In 19 January 1900, Arthur Paine was the first person in Sydney to contract the bubonic plague. He was a delivery man working at Central Wharf, formerly at Walsh Bay, where a ship carrying infected rats would have docked.

George Cribb an identity in The Rocks Sydney
George Cribb had a Stable Here

Bubonic Plague in Sydney
A Plague brought by Rats

The Rats Return

We are in the early days of COVID-19 restrictions easing in NSW and Frappell ruefully comments how “history repeats itself”. She’s referring euphemistically not only to “a recent ship arrival” in Circular Quay but also to reports of increased numbers of rats sighted in cities around the world during lockdowns.

As a result of the bubonic plague, many houses in The Rocks were demolished in 1901. Since then, the archaeological site has variously supported large engineering sheds, a bus depot and a car park all of which served to protect the archaeological remains below.

The Tour Ends with More Rats

Fittingly my tour of The Big Dig, which began with sighting a rat, ends at photograph showing a group of Professional Ratcatchers standing with buckets in hand behind a pile of rats.

Cribbs Lane in the Rocks and The Big Dig
Cribbs Lane Now and Then

Carahers Lane in The Rocks and The Big Dig
Carahers Lane and Big Dig Site

A Tour well worth doing

The weekly Monday morning tour of this open-air museum is offered free to guests of the Sydney Harbour YHA. Interested guests may be able to arrange tours on other days.

While a tour of the site would be my first choice, early photographs, explanatory signs and display cases filled with artefacts make a self-guided tour of The Big Dig quite doable during daylight hours.
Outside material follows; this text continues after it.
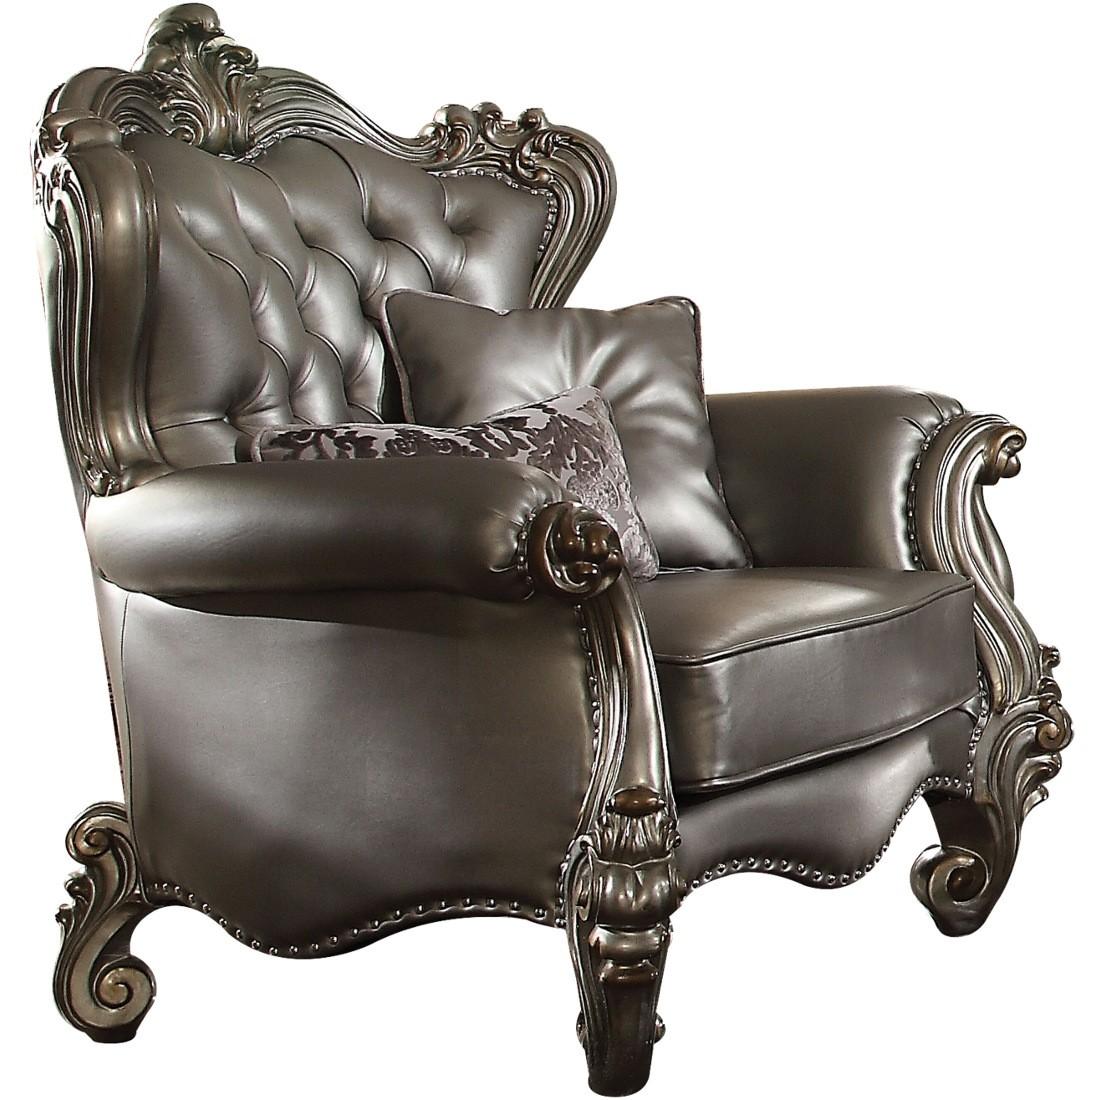 

        
Acme Furniture Versailles-56820 Sofa Set Platinum/Antique/Silver Faux Leather 0840412148682
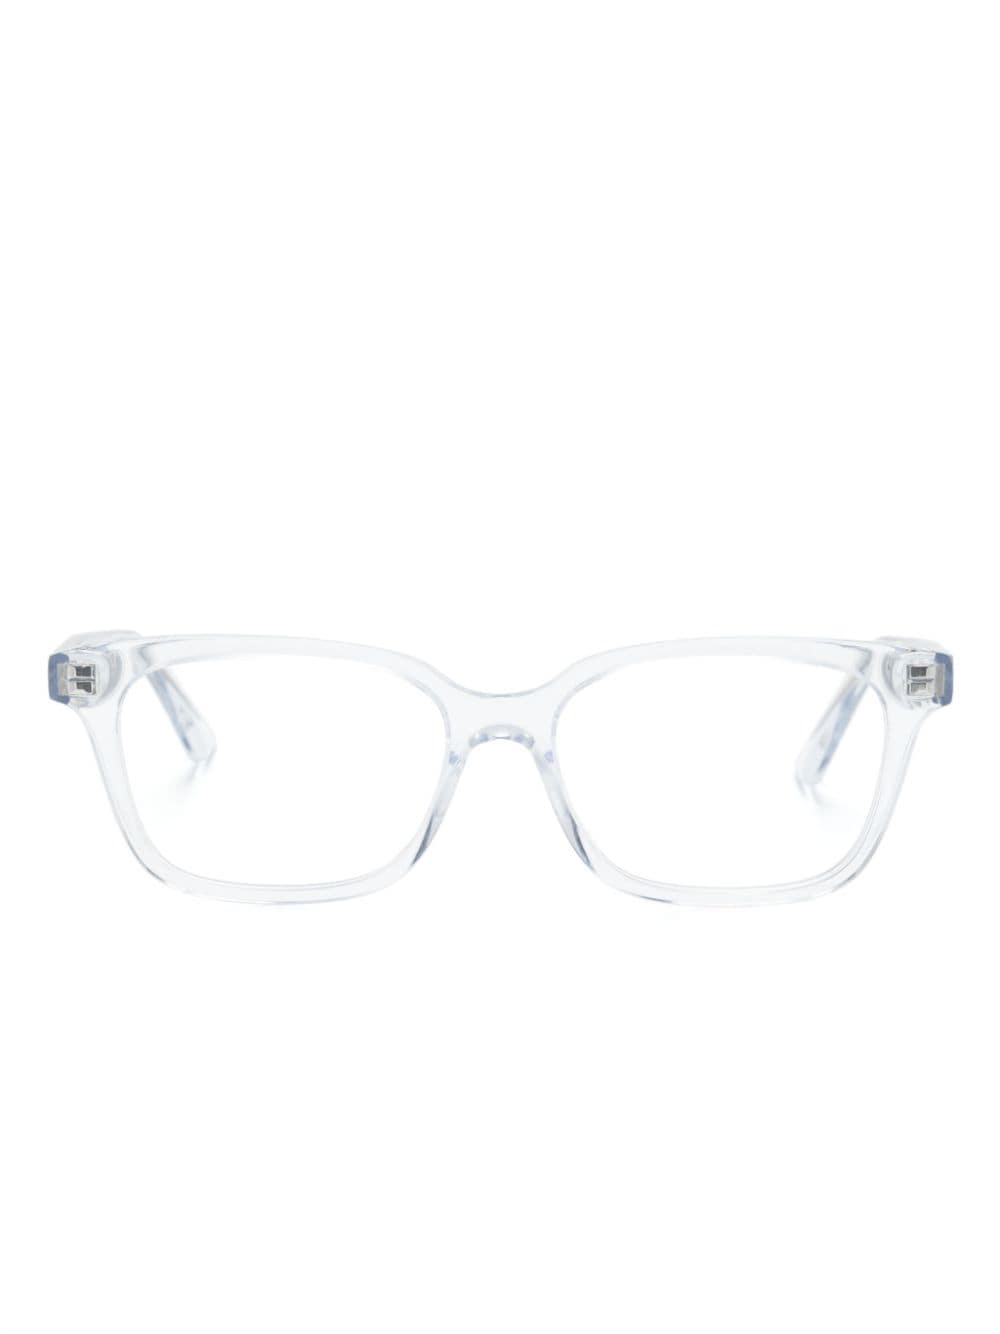 Alexander McQueen Eyewear Brille mit eckigem Gestell - Weiß von Alexander McQueen Eyewear

I stayed at the Sydney Harbour YHA as their guest.

2 Comments

  1. One day, when Covid’s taken a further back seat than currently, I’d so like to experience this interesting historical tour; meanwhile, thanks for the always well said presentation! Keep well…

    1. Hopefully it won’t be too long before you feel comfortable getting out and about. This tour is well worth it.